* _Provided records_
§ §

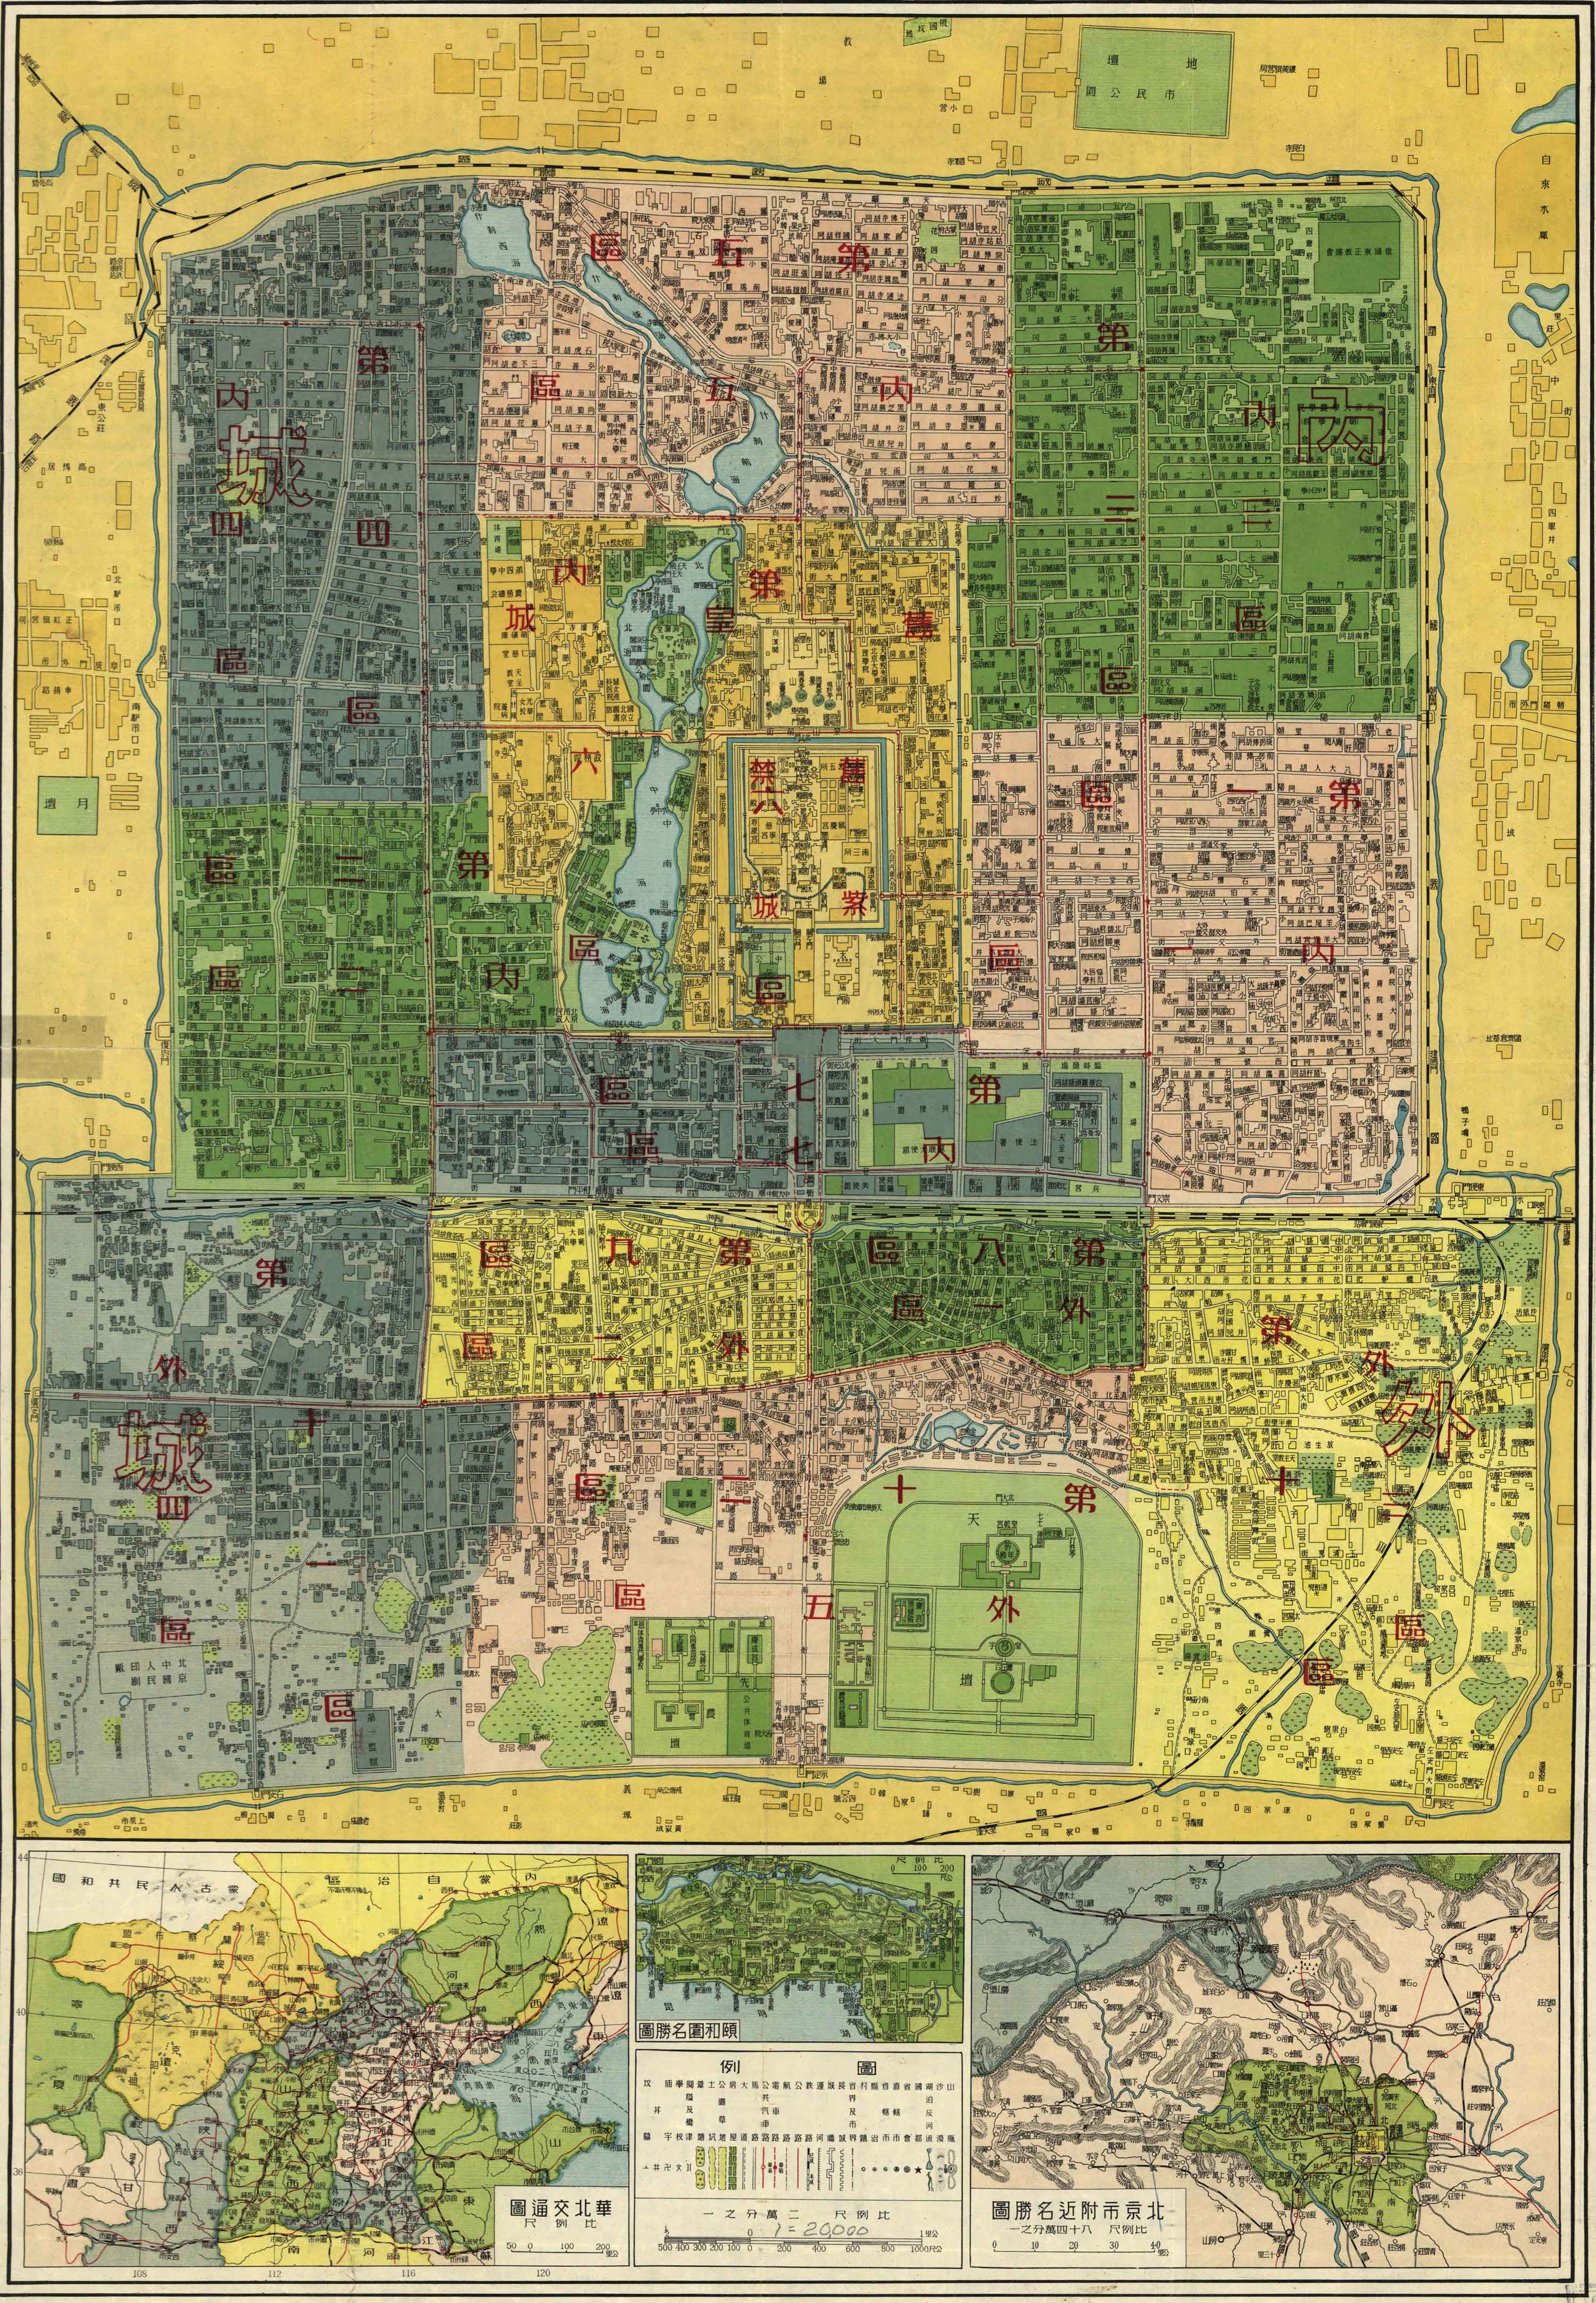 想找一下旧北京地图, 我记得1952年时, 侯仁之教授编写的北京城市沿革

§ §

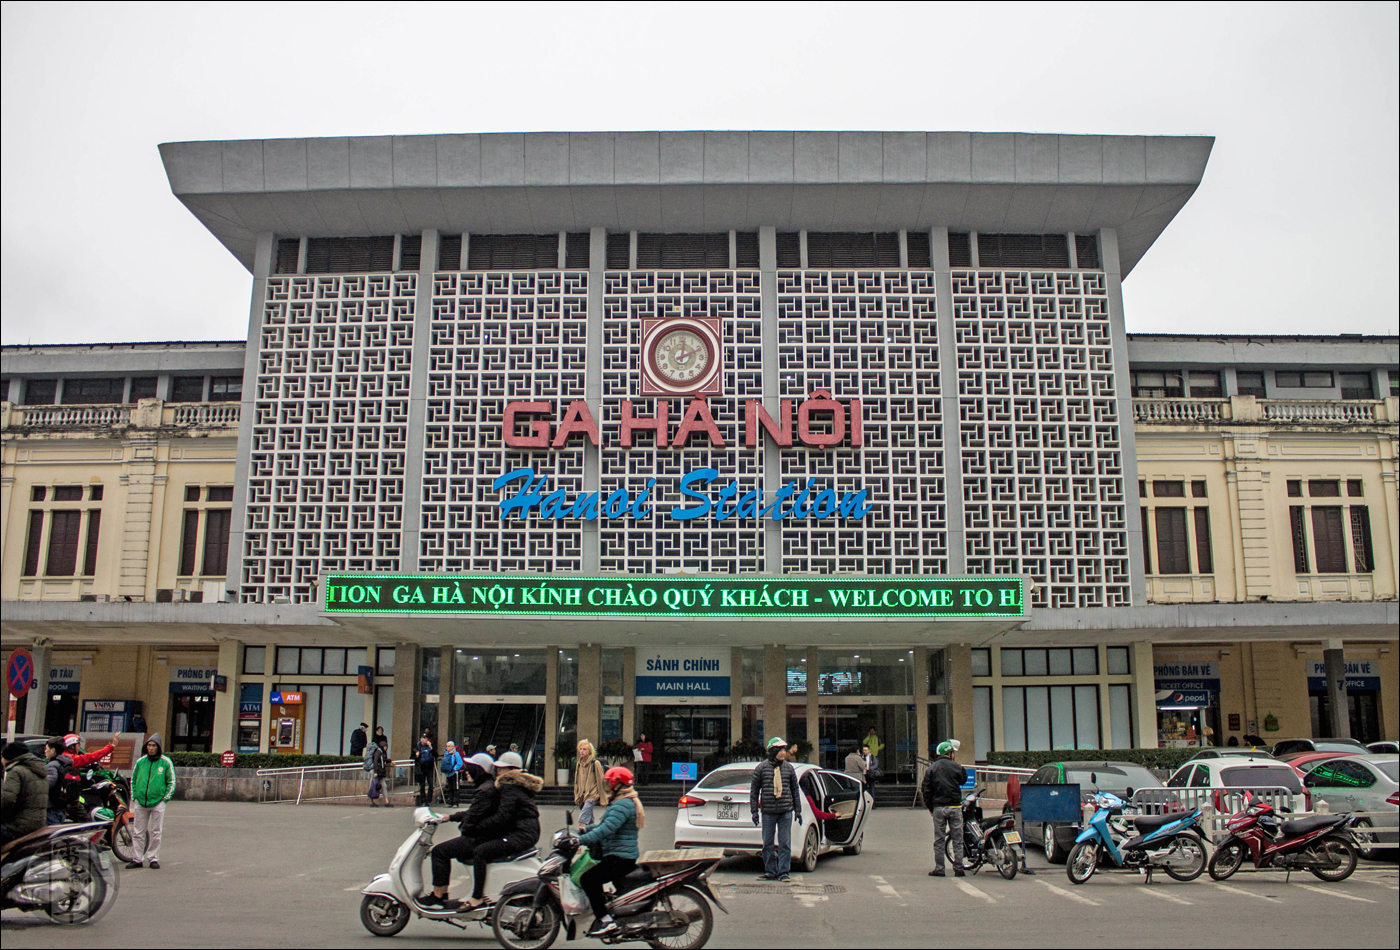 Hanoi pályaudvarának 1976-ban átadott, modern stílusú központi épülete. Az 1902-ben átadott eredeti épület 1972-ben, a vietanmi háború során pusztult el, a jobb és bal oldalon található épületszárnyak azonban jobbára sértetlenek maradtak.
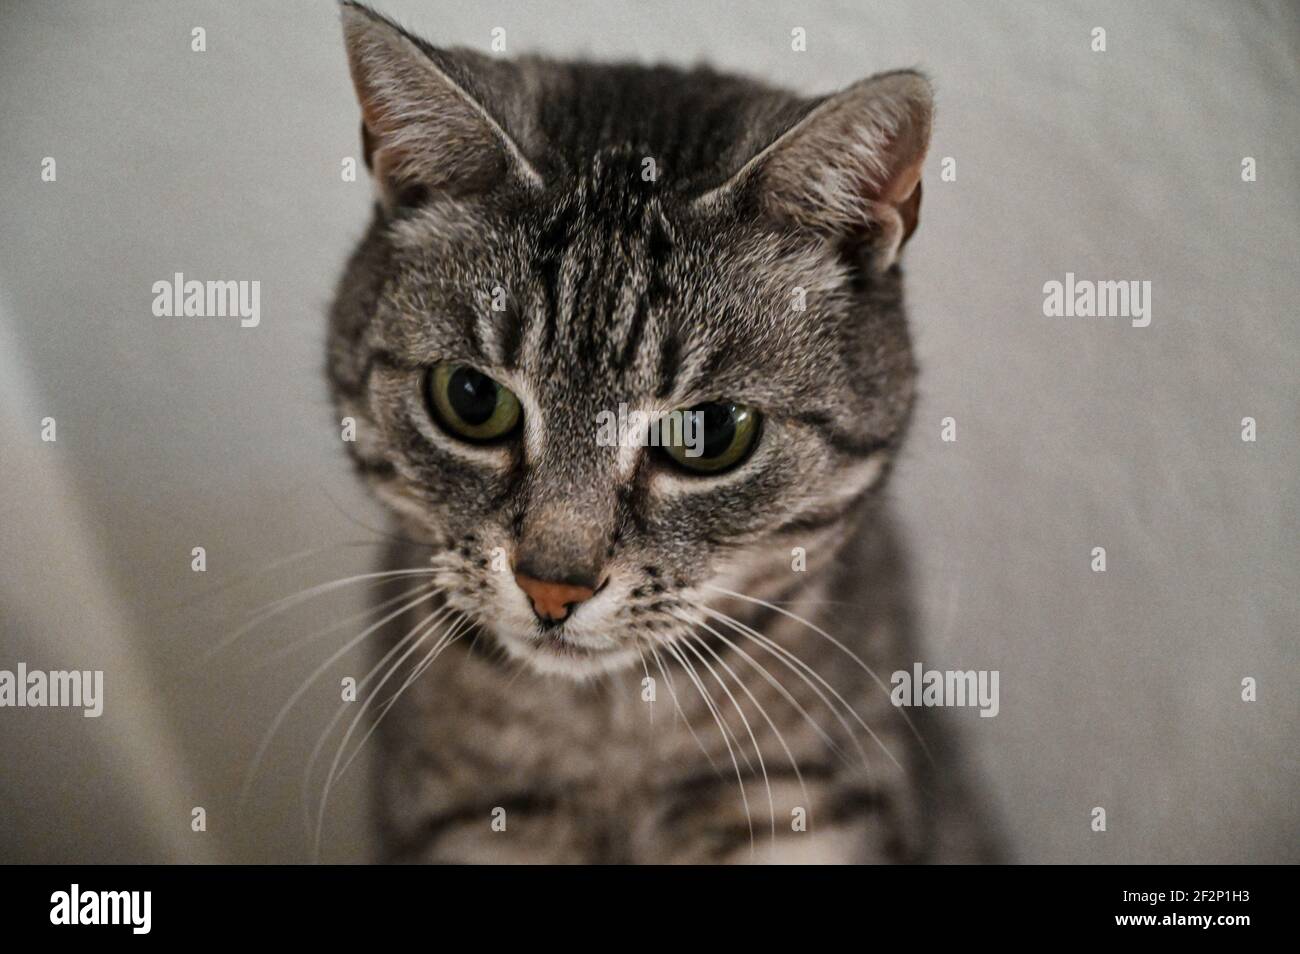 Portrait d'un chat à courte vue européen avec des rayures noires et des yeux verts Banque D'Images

§ §

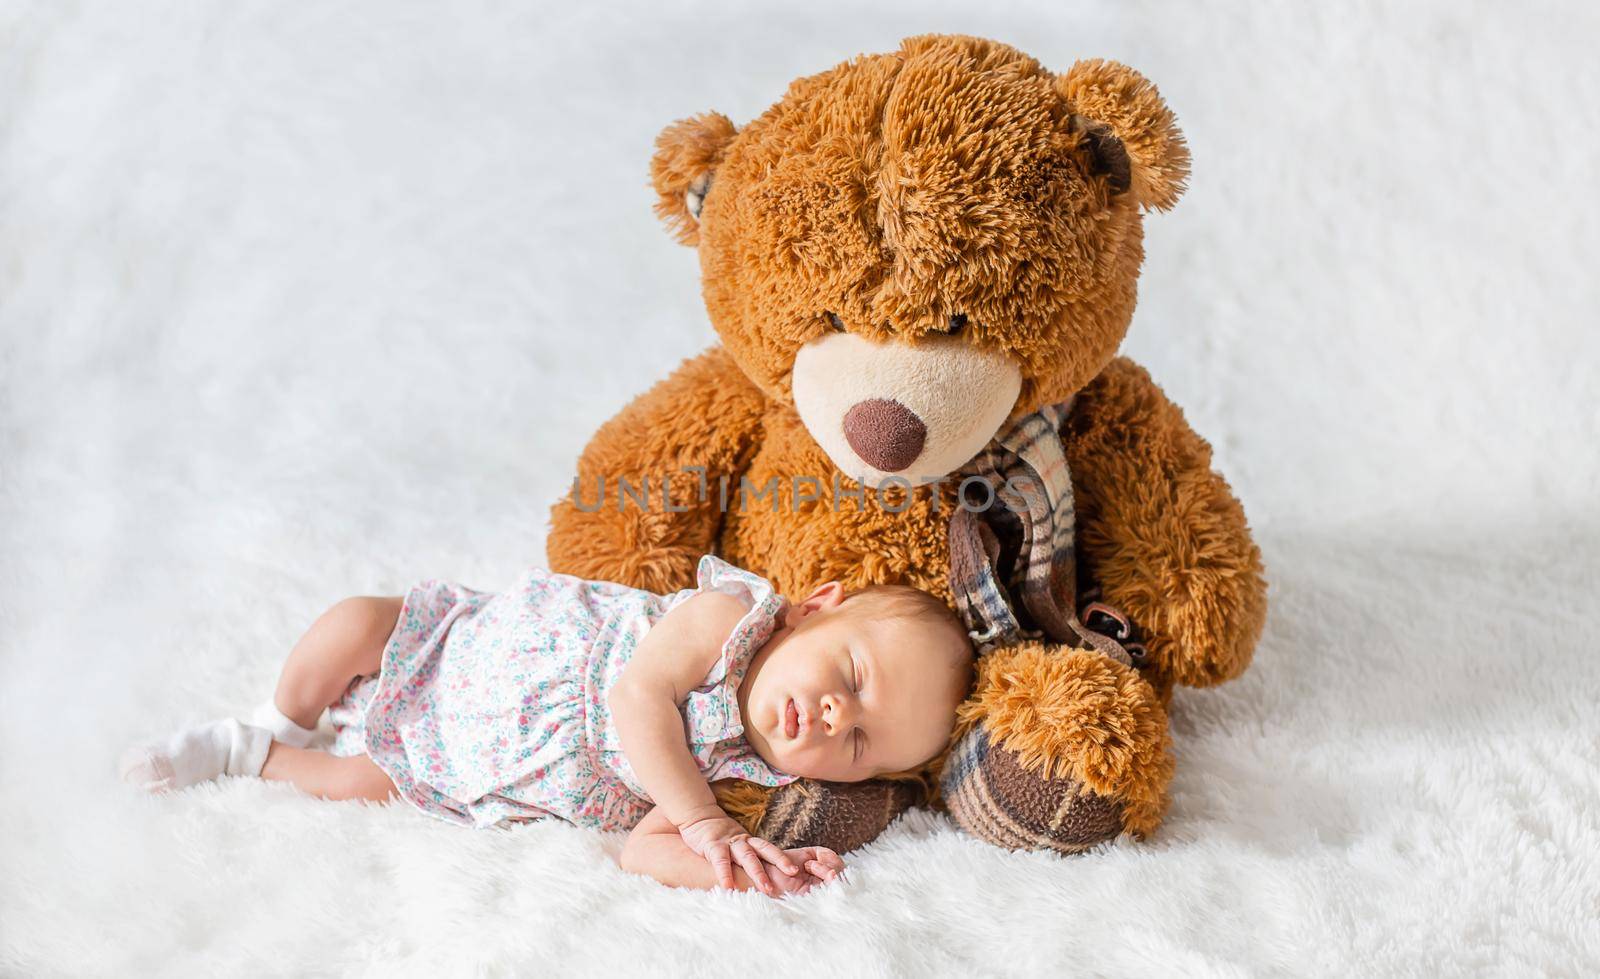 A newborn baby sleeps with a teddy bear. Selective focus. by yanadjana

§ §

* _Work instructions_
Please set down, exactly and with no pictures, the lines in the entries above starting at the one holding "Hanoi pályaudvarának 1976-ban" and ending at the one holding "Portrait d'un chat", ends included.

* _Written solution_
 Hanoi pályaudvarának 1976-ban átadott, modern stílusú központi épülete. Az 1902-ben átadott eredeti épület 1972-ben, a vietanmi háború során pusztult el, a jobb és bal oldalon található épületszárnyak azonban jobbára sértetlenek maradtak.
 Portrait d'un chat à courte vue européen avec des rayures noires et des yeux verts Banque D'Images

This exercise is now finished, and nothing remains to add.